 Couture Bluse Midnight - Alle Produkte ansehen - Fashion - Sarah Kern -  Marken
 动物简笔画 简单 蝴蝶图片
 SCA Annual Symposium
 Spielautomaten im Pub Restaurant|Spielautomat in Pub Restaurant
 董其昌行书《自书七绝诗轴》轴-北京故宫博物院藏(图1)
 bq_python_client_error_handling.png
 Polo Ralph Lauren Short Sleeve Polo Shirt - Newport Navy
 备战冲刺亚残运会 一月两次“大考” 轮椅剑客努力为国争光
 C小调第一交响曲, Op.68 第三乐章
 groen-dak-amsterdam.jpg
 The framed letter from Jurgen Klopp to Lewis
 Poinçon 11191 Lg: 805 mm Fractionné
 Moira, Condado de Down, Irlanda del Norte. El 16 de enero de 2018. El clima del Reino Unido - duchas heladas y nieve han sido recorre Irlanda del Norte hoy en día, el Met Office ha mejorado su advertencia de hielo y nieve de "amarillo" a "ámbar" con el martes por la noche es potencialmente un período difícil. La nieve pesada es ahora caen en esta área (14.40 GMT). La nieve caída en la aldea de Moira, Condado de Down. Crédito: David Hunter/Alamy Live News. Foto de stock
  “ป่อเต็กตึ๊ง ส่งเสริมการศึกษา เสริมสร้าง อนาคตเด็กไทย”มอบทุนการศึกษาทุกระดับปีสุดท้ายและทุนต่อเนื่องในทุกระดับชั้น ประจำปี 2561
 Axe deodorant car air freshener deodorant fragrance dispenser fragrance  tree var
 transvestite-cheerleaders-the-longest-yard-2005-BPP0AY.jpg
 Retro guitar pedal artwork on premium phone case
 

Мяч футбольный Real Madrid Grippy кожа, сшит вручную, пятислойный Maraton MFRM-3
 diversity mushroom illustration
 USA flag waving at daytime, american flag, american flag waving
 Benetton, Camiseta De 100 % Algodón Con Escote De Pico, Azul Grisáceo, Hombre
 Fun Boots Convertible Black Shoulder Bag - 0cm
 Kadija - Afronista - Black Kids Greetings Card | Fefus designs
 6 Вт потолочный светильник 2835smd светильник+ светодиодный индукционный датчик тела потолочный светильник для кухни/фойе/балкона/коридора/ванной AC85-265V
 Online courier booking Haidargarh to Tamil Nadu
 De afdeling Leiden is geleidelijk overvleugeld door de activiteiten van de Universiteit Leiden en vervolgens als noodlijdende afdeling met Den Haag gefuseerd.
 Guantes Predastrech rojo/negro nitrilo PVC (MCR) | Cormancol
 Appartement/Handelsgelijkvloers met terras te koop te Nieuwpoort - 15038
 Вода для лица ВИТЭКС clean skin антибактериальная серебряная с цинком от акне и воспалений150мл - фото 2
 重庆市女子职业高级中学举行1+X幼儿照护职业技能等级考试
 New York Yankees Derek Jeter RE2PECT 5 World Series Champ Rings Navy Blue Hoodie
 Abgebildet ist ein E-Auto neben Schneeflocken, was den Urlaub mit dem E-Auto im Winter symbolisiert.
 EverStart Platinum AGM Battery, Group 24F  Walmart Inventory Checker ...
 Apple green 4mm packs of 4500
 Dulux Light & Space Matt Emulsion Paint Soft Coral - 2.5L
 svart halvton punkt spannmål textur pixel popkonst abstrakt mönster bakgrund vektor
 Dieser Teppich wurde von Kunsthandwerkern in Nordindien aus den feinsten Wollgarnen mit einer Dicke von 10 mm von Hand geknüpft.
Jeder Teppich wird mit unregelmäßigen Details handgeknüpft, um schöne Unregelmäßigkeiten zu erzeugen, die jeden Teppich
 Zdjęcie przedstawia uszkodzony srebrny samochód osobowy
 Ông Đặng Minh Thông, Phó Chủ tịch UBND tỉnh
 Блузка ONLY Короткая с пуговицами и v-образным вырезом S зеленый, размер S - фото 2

────────────────────

Restate the data verbatim through the "bq_python_client_error_handling.png" line.

 Couture Bluse Midnight - Alle Produkte ansehen - Fashion - Sarah Kern -  Marken
 动物简笔画 简单 蝴蝶图片
 SCA Annual Symposium
 Spielautomaten im Pub Restaurant|Spielautomat in Pub Restaurant
 董其昌行书《自书七绝诗轴》轴-北京故宫博物院藏(图1)
 bq_python_client_error_handling.png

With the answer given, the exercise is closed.